A warm finger.................

A bit of rolling

Then a bit of rolling

n

*Voilà *


spark up cough n relax................................


----------



## 7greeneyes (Oct 30, 2008)

THAT'S WHAT I'M TALKIN ABOUT!!!! Man, I miss my hash stash. Can't wait till my Winter project! oooh yeah!


----------



## Thorn (Oct 30, 2008)

Yea baby that looks ace! How did she smoke?


----------



## canibanol cannonball (Oct 30, 2008)

Dang that looks good, i love the taste of hash.


----------



## bud.uncle (Oct 30, 2008)

Thorn said:
			
		

> Yea baby that looks ace!

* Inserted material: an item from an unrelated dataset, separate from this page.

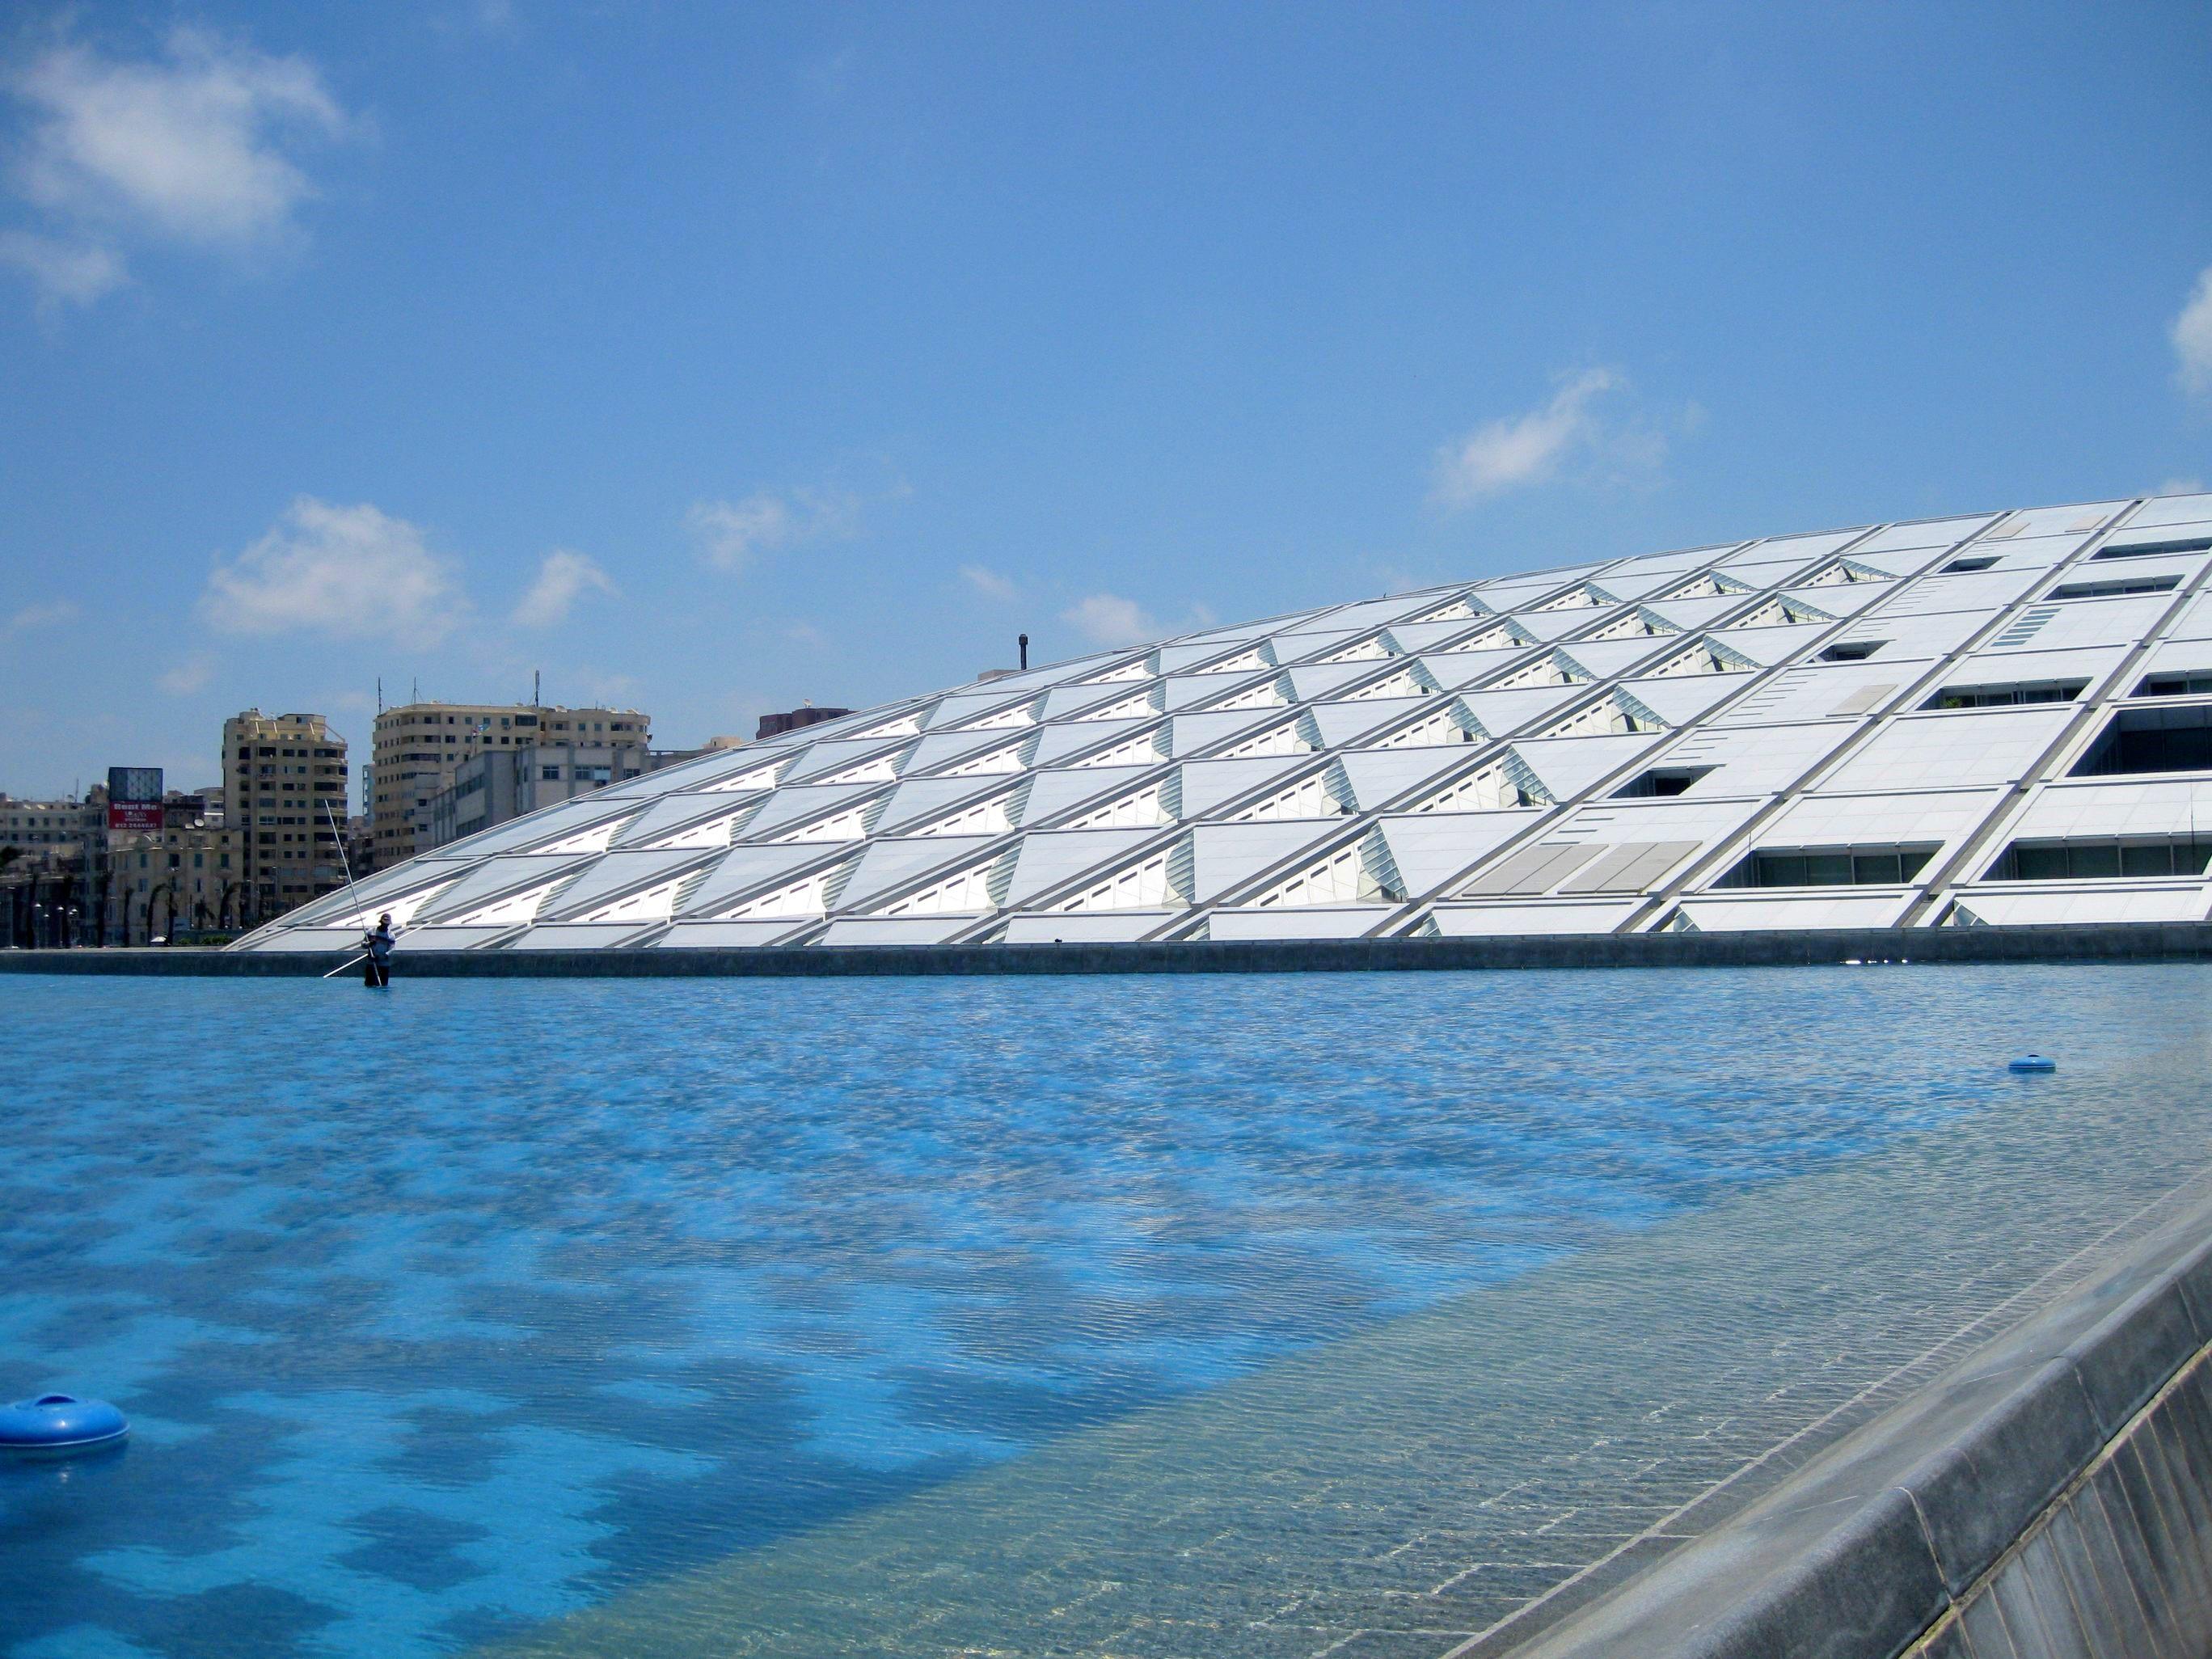 File:Bibliotheque, Alexandria, Egypt.JPG - Wikimedia Commons

How did she smoke?



cough cough cough.............................

ermmmm

just go steady with it........


----------



## bud.uncle (Oct 30, 2008)

Just waitin on my bags to arrive..........

b4 I run some BUB.........:aok:


----------



## DomsChron (Oct 31, 2008)

*What micron bags did you buy?

Nice lookin fingy hash :hubba:*


----------



## bud.uncle (Oct 31, 2008)

220micron 150micron 75micron 20micron.


----------



## yimmy capone (Oct 31, 2008)

Ill, is that tobacco with the hash.


----------



## Thorn (Oct 31, 2008)

bud.uncle said:
			
		

> cough cough cough.............................
> 
> ermmmm
> 
> just go steady with it........



Nice one, sounds great! :hubba: I too love the taste of hash 

Yimmy, it looks like tobacco to me


----------



## bud.uncle (Oct 31, 2008)

yes 

yes it is

Euopean style


----------



## Thorn (Oct 31, 2008)

indeed...make that weed last longer...


----------



## HippyInEngland (Oct 31, 2008)

The good ol' GV baccy tins, many uses  

I have a small collection too, the box is in daily use and the hash will get used when needed 

Lots of people dont collect this, they have no idea of what they are missing.


----------



## yimmy capone (Oct 31, 2008)

why do you smoke hash with tobacco in europe. I heard of it before. I just don't understand why.


----------



## HippyInEngland (Oct 31, 2008)

It turns 1 ounce of hash into 3 ounces of hash, a joint is very common in Europe, not everyone can get a pipe out walking down the street.

If you need 1/3 of a gram to get high, why use 1 gram?

1/3 of a gram of hash in a joint is a long smoke, 1/3 of a gram of hash in a pipe is over in 2 blinks.

The mix of Nicotine and THC is often preferred.


----------



## Thorn (Oct 31, 2008)

plus if you don't want to use nicotine you can get nicotine free tobacco 

Hippy got it spot on there.


----------



## bud.uncle (Oct 31, 2008)

yimmy capone said:
			
		

> why do you smoke hash with tobacco in europe. I heard of it before. I just don't understand why.



Just different strokes for different folks

This has still, the joint that is, got to be the most preferred way of smoking Hash or Weed in the UK and Europe as I see it...............

Change can be difficult................

Though my mind is not closed to other ways....................


----------



## bud.uncle (Oct 31, 2008)

HippyInEngland said:
			
		

> The good ol'* GV* baccy tins, many uses



errrrrrrrrmmmmmm

making assumptions again hip..........

_*Cutters Choice*_.............


----------



## canibanol cannonball (Oct 31, 2008)

Trick or Treat
gimme gimme :hubba:


----------



## bud.uncle (Oct 31, 2008)

no way..................................

come on 

bring it on

lets see your trick...............


----------



## canibanol cannonball (Oct 31, 2008)

you got me, i got nothin lol
how bout 2 thank yous


----------